Мне казалось, мы шли через этот холм целый день. Над нами все так же гудели моторы немецких самолетов, по траве скользили огромные тени крыльев, такали пулеметы, несся вой и свист, и земля качалась от ударов падавших с неба бомб. Но я больше не думал о страхе. Я замечал, что когда мы вставали и шли дальше, некоторые солдаты оставались лежать. Но по какой-то странной рассеянности, мне не приходило в голову, что это значит.
VII
Мы идем по дну глубокой балки: Колизе, Раймон, я, рыжий сержант Леруа и еще несколько незнакомых мне солдат.

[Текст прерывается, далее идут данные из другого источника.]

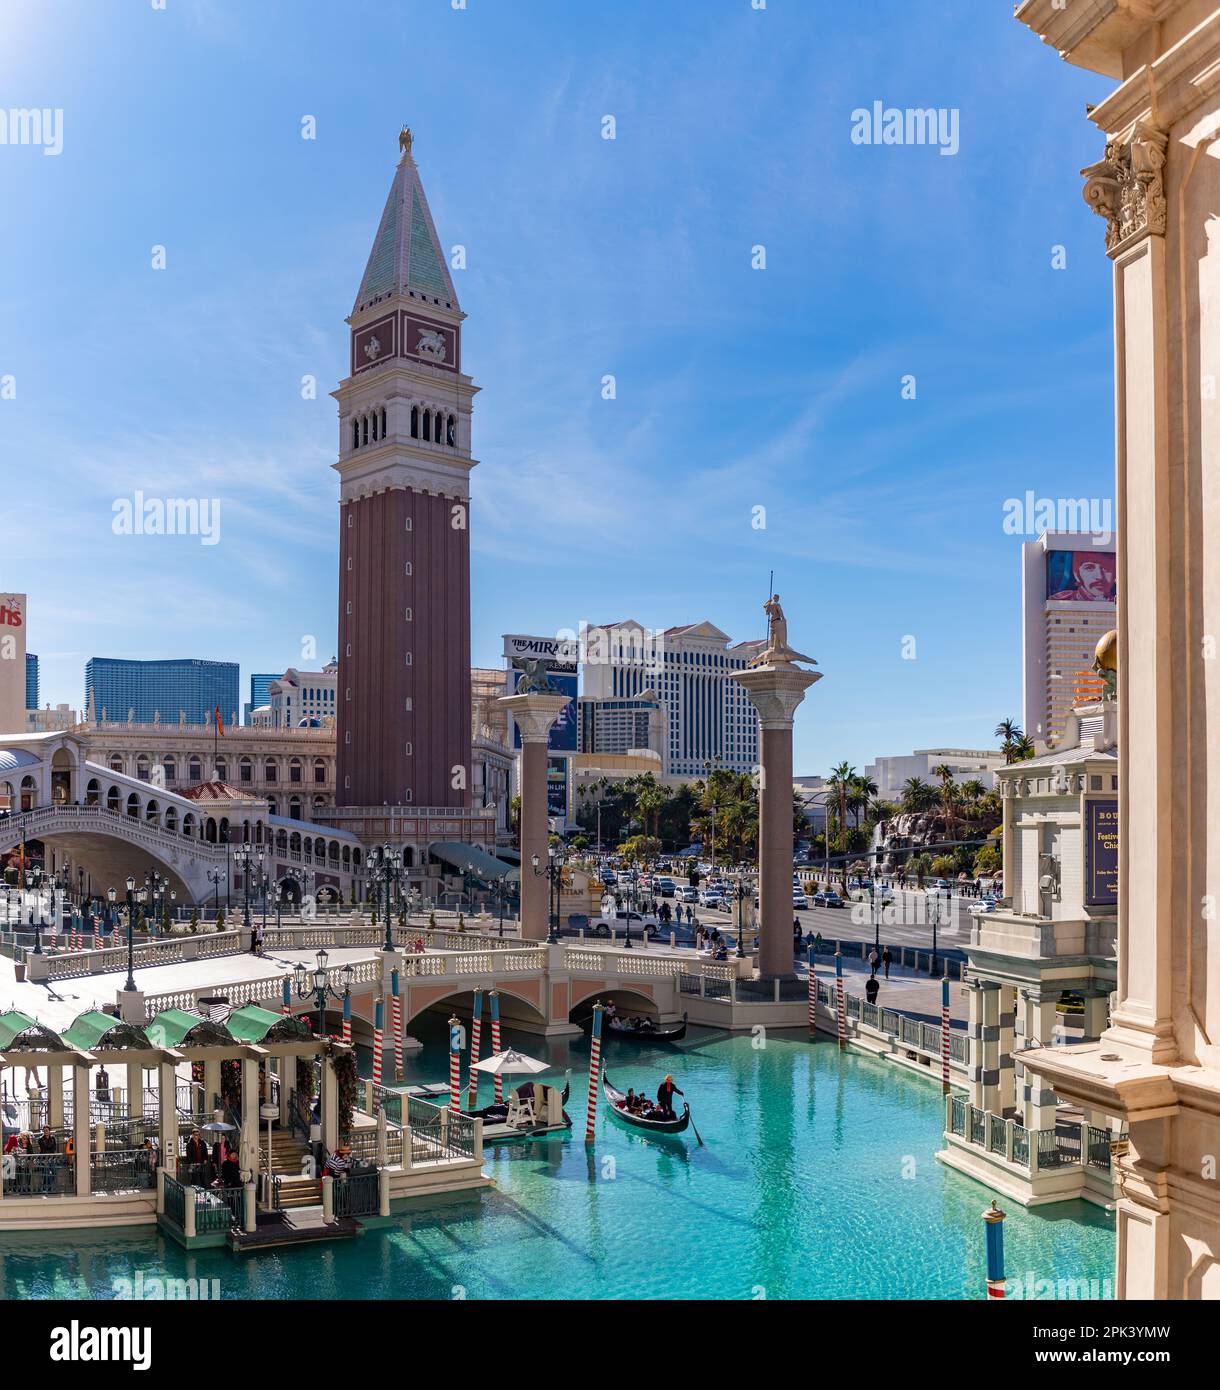 A picture of the Venetian Las Vegas, with the Campanile Tower on the left  Stock Photo - Alamy

Не помню, как мы сюда попали. Здесь было тихо, еще тише, чем когда утром мы шли в лесу, в лощине. Даже вдали не слышно выстрелов. Война кончилась или, может быть, нам только приснилось, что была война. Наверху, в оставленном нами мире, в небе плыл серебряный самолет. Он не мог нас оттуда видеть, да и вовсе не для того, чтобы бросать бомбы он летел.
Я смотрел то на траву под ногами, то на красную глину обрывов. Я вспомнил, что что-то важное со мной случилось: сначала грохот и ужас, будто мое «я» подымали на дыбу, потом наступила уверенность в чем-то…
А тут, на дне оврага, такая тишина. Совсем не так, как когда мы шли наверху. Ни спешки, ни страха, ни отчаяния. Как часто меня пугала мысль: если о моей жизни не будет знать ничье сознание, то выйдет, что меня как бы совсем не было. А здесь, в этом глухом месте, где, может быть, до нас много лет никто не проходил, растет трава и ей все равно, что о ней никто не знает, ей достаточно быть, расти навстречу солнцу.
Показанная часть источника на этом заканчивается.